%%

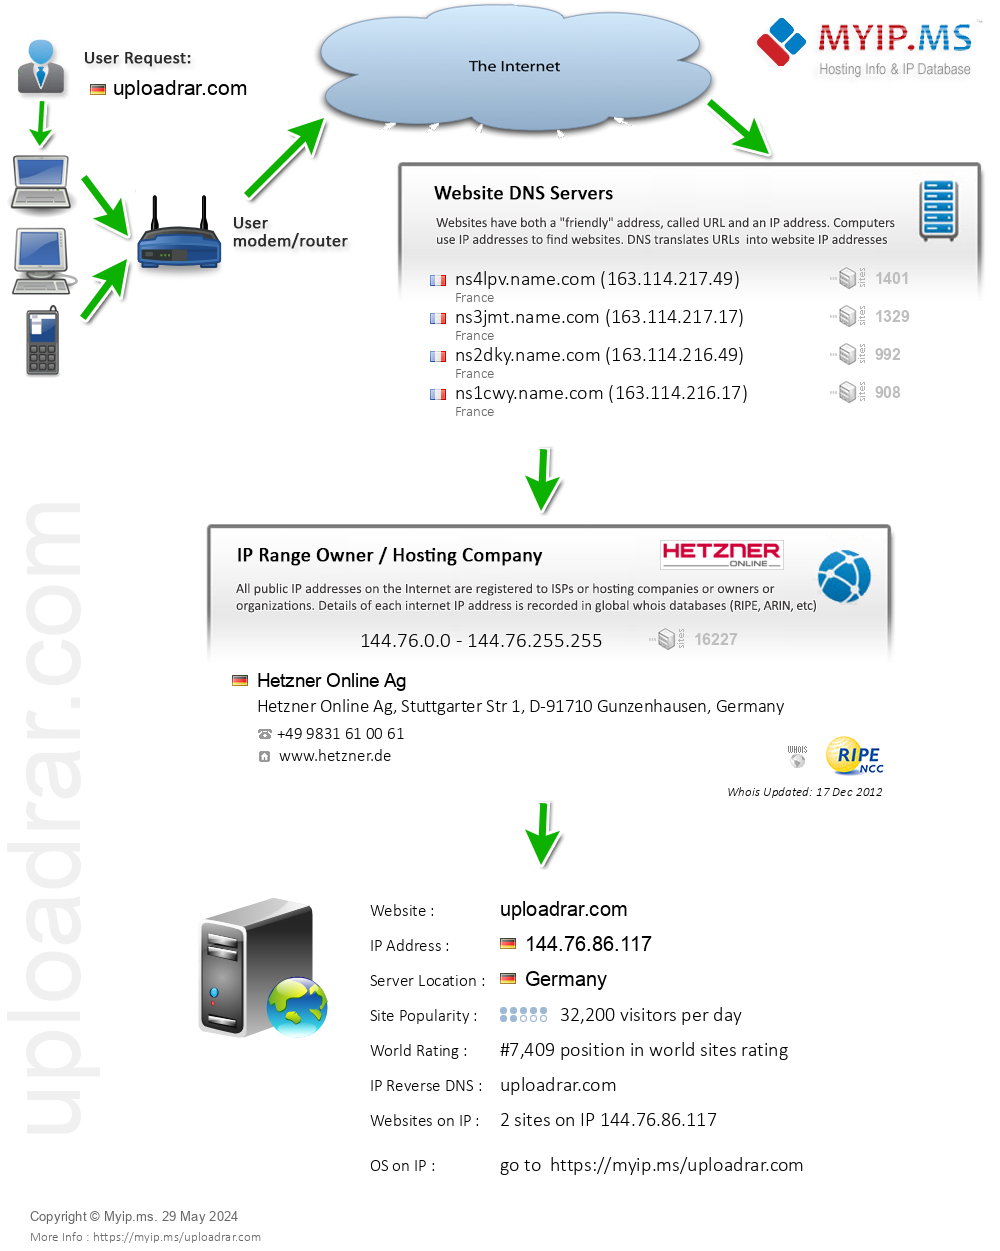 Uploadrar.com - Website Hosting Visual IP Diagram
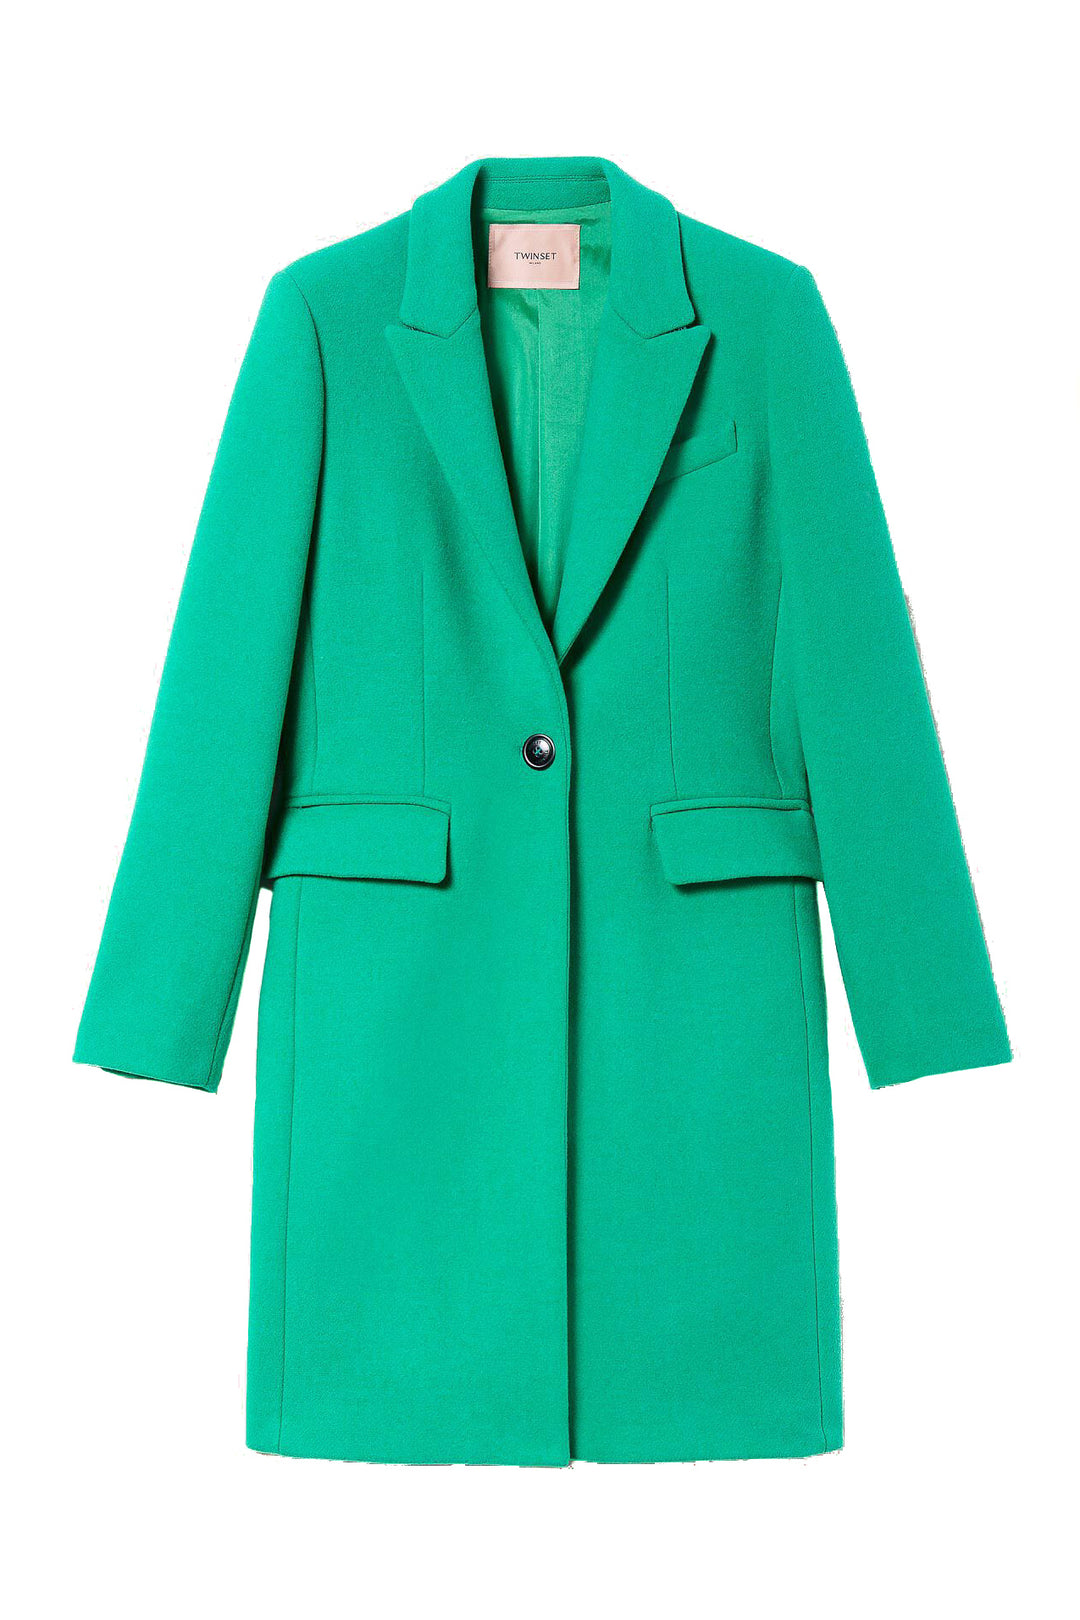 TWINSET Cappotto verde menta in panno misto lana - Mancinelli 1954
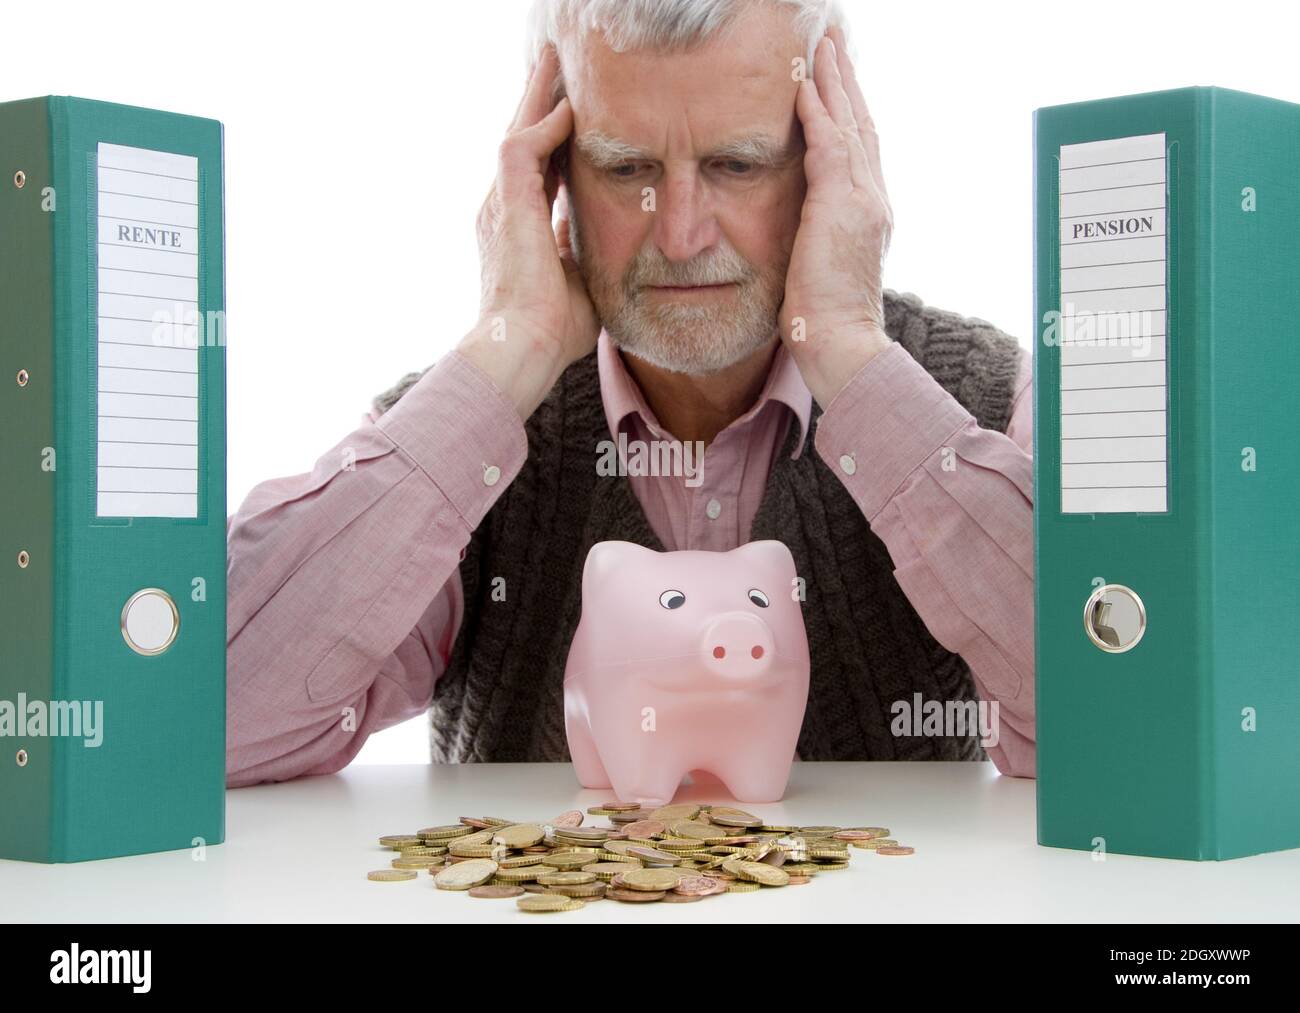 Rentner mit Geldsorgen, sitzt Sparschwein vor und verzweifelt, signor: Sì Foto Stock
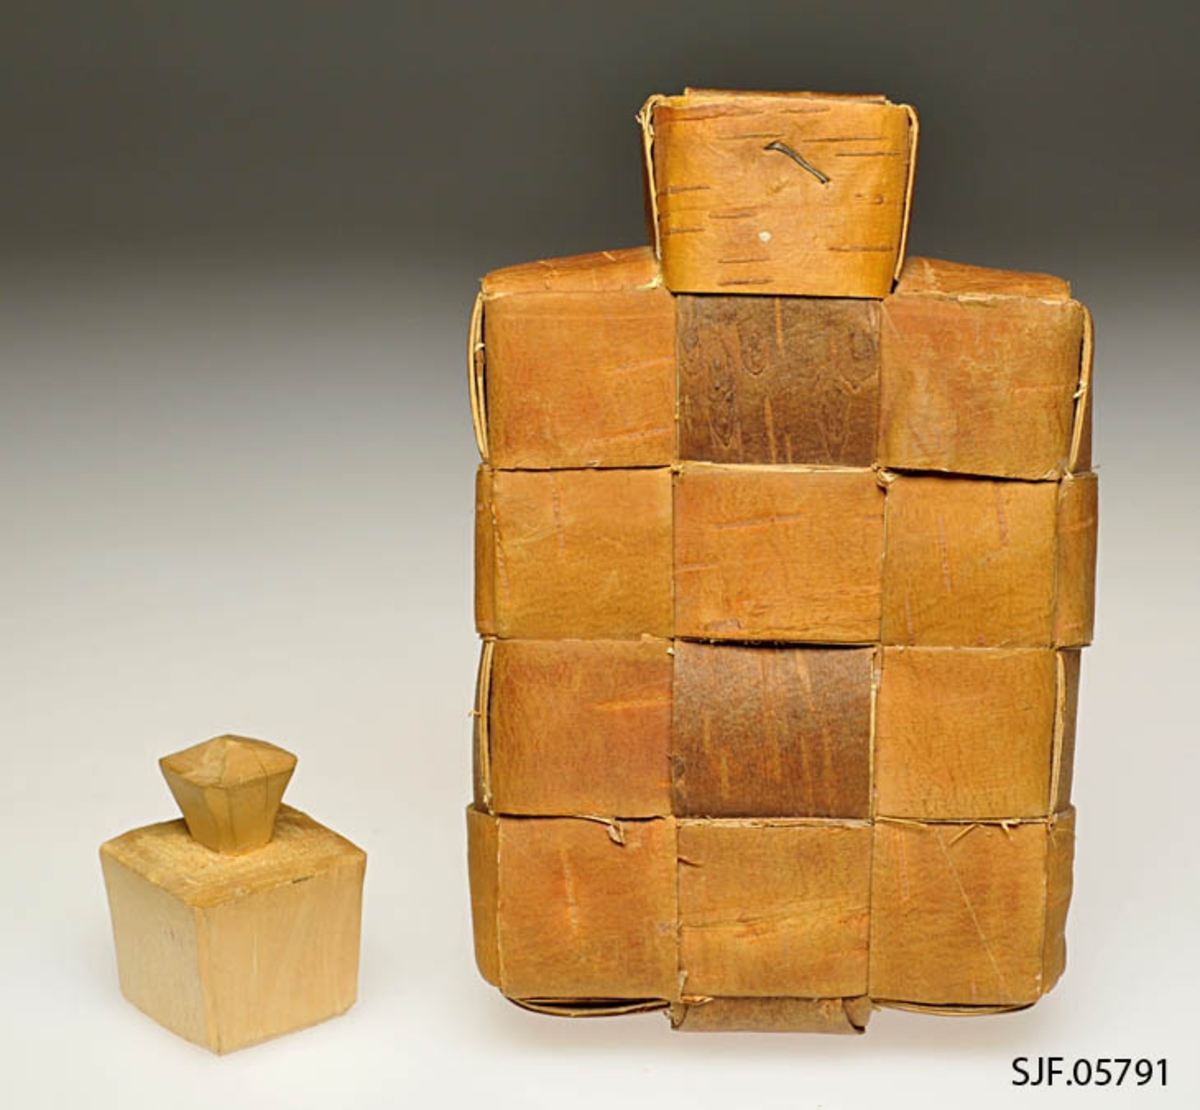 Saltflaska er flettet av never. Ved tuten er det brukt stiftemaskin for å feste nevra. Proppen er av ubehandlet bjørk. Den er laget av Mentz Åsen, Grue Finskog ca. 1963, og kjøpt inn til museet da.

%%

▸ **What the task requires**: Leaving the pictures out, output the material exactly as it appears.

▸ **Response for this exercise**:
 Uploadrar.com - Website Hosting Visual IP Diagram
 TWINSET Cappotto verde menta in panno misto lana - Mancinelli 1954
 Rentner mit Geldsorgen, sitzt Sparschwein vor und verzweifelt, signor: Sì Foto Stock
 Saltflaska er flettet av never. Ved tuten er det brukt stiftemaskin for å feste nevra. Proppen er av ubehandlet bjørk. Den er laget av Mentz Åsen, Grue Finskog ca. 1963, og kjøpt inn til museet da.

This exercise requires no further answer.